:: INFORMATION PROVIDED ::
= = =

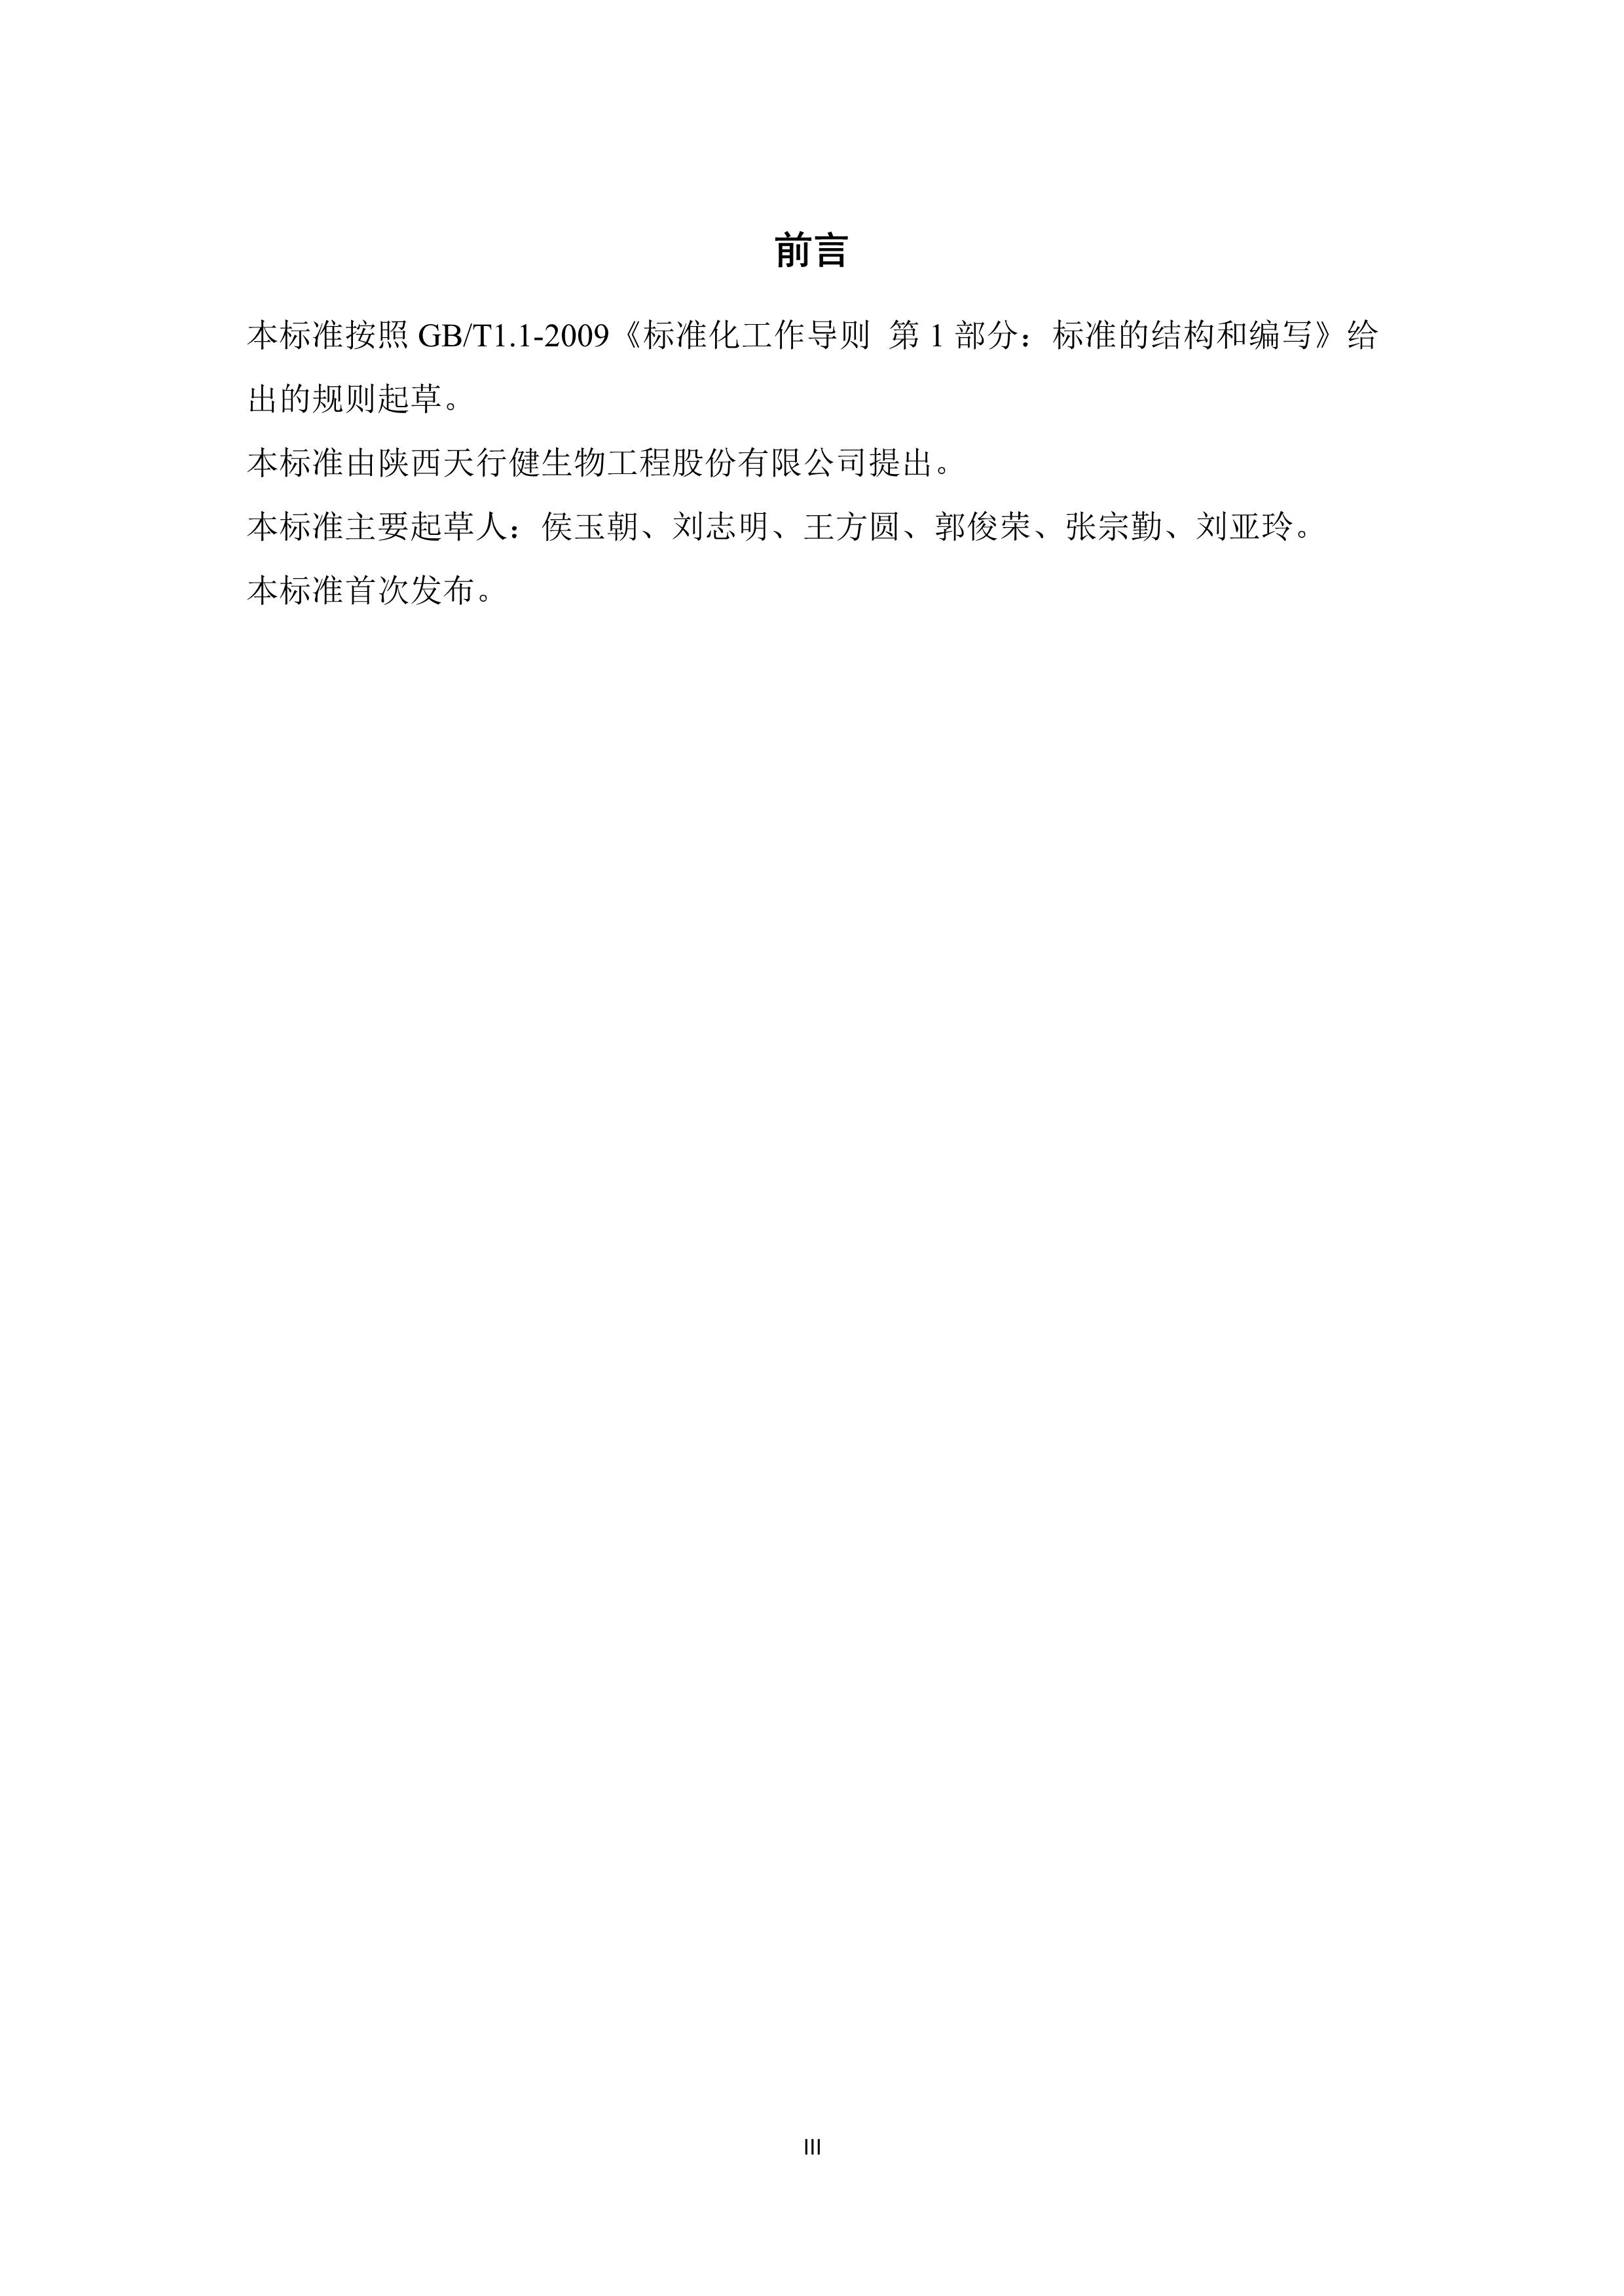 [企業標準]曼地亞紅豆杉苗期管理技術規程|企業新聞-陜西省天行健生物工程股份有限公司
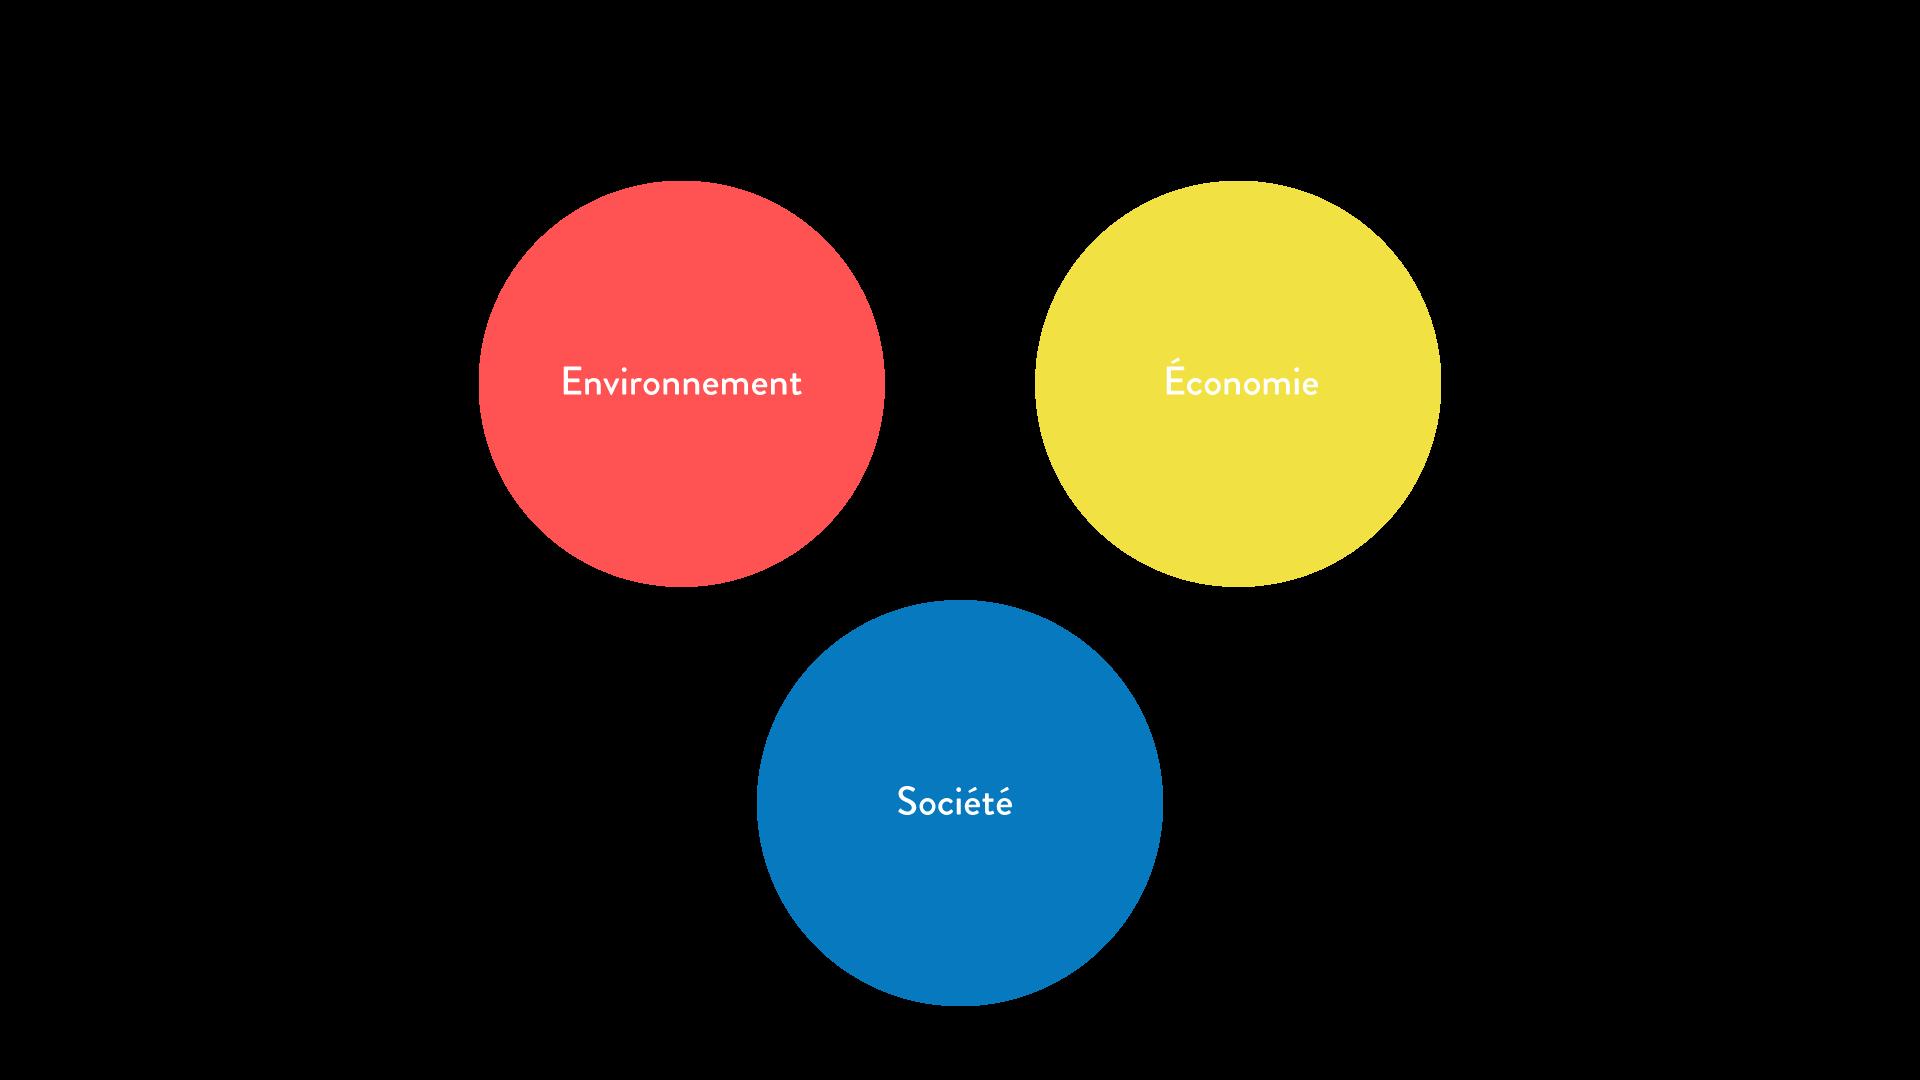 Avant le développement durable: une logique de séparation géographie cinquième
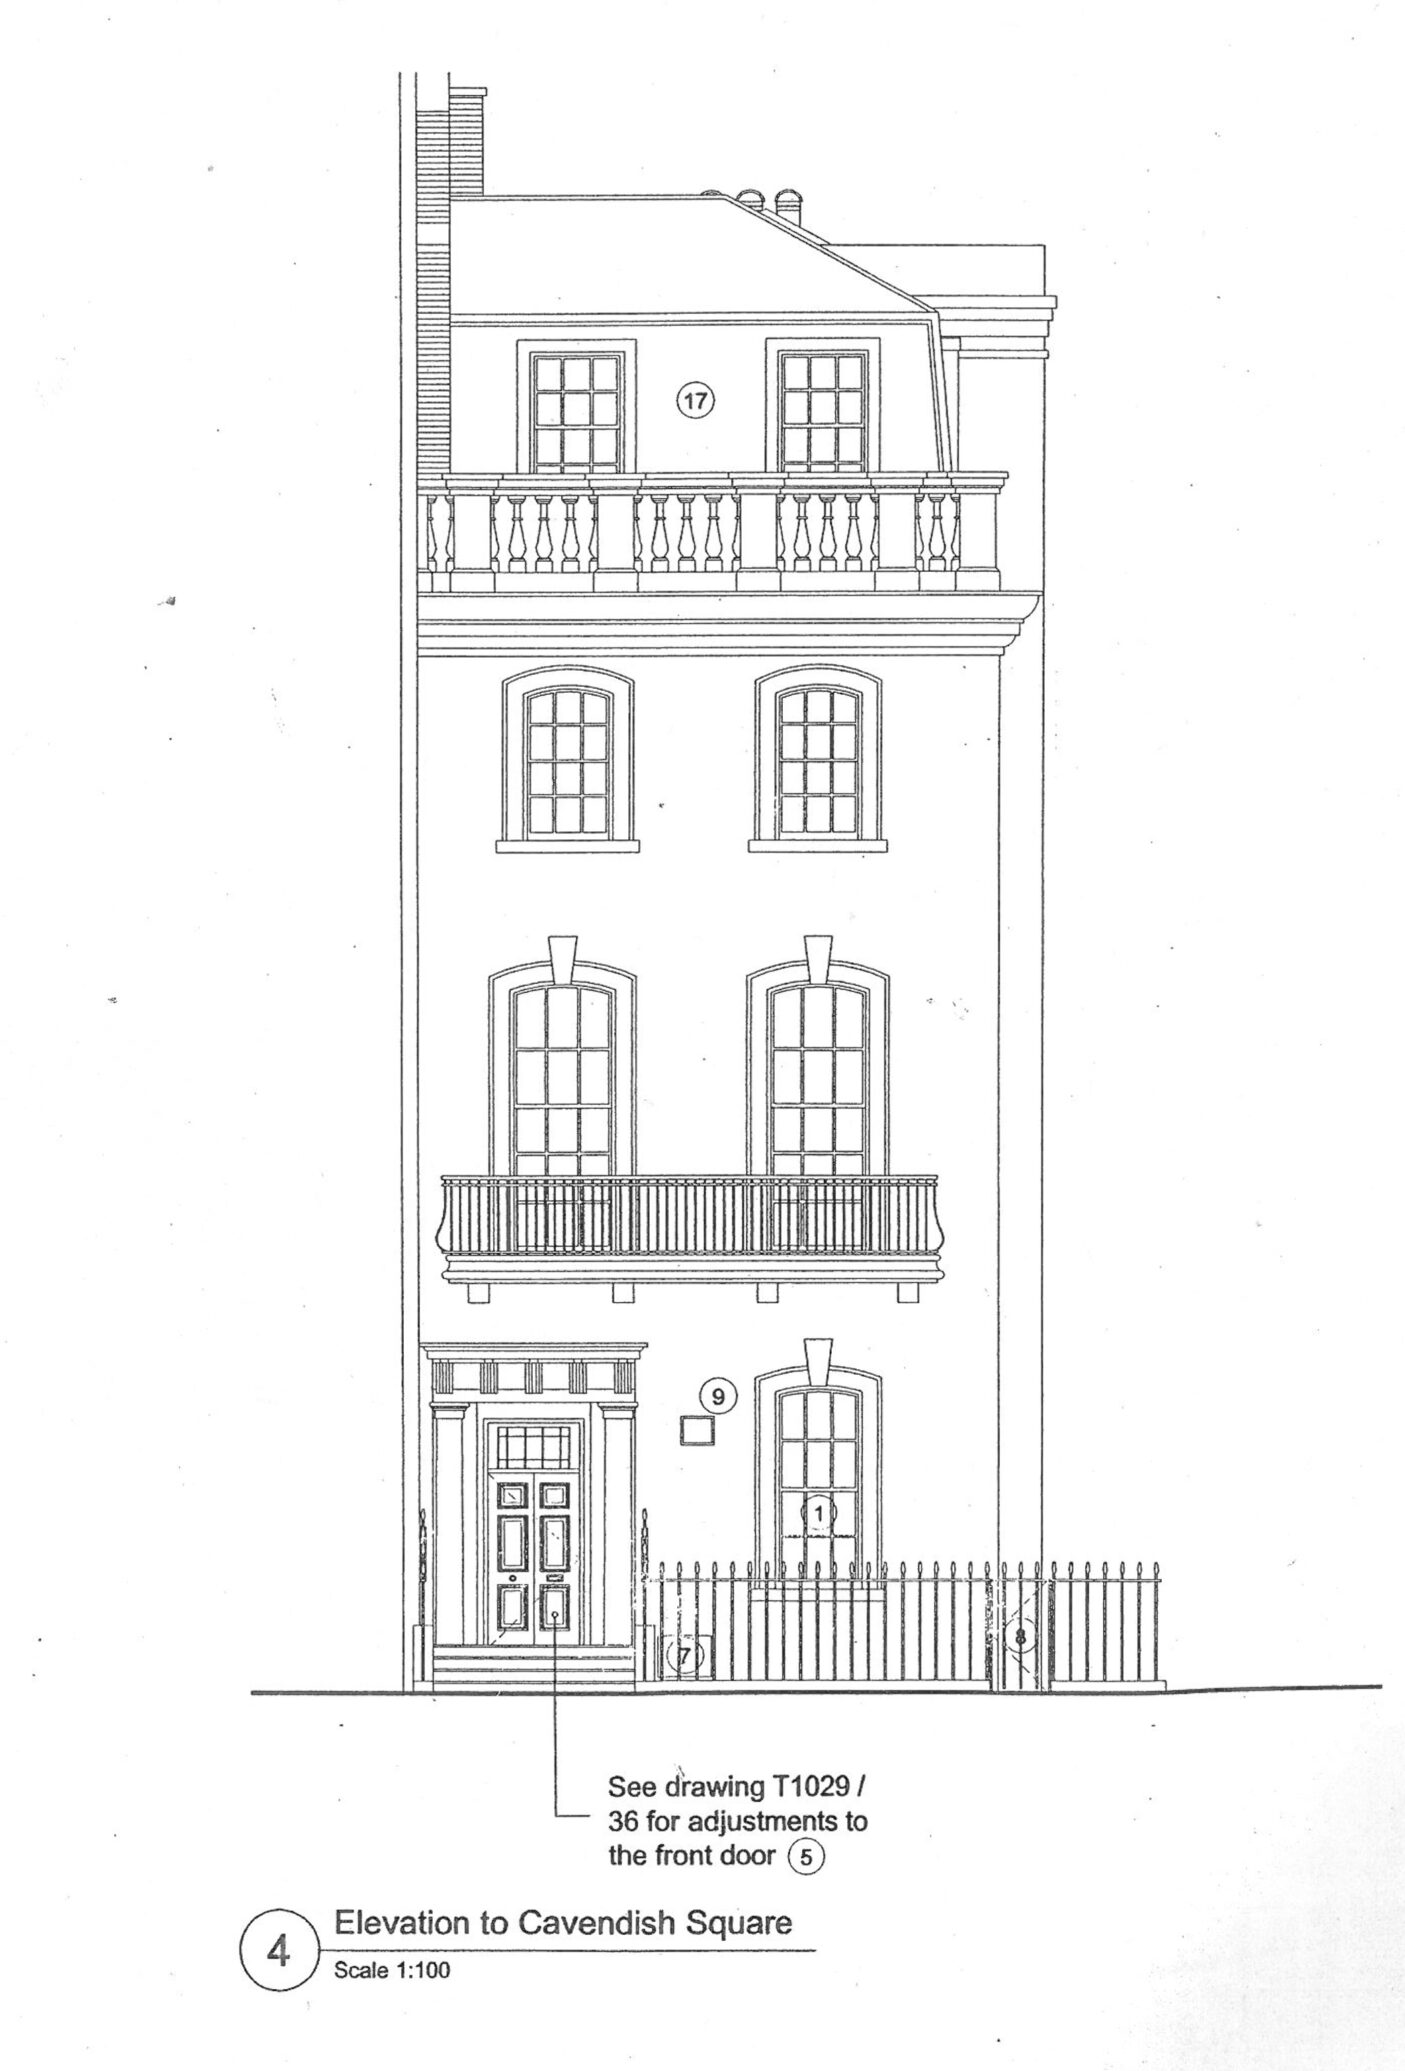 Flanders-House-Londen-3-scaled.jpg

= = =

:: PROBLEM ::
Word for word, give again the lines from the line holding "Avant le développement" through the last line of the material, both included; pictures are not part of the copy.

:: SOLUTION TO THIS PROBLEM ::
 Avant le développement durable: une logique de séparation géographie cinquième
 Flanders-House-Londen-3-scaled.jpg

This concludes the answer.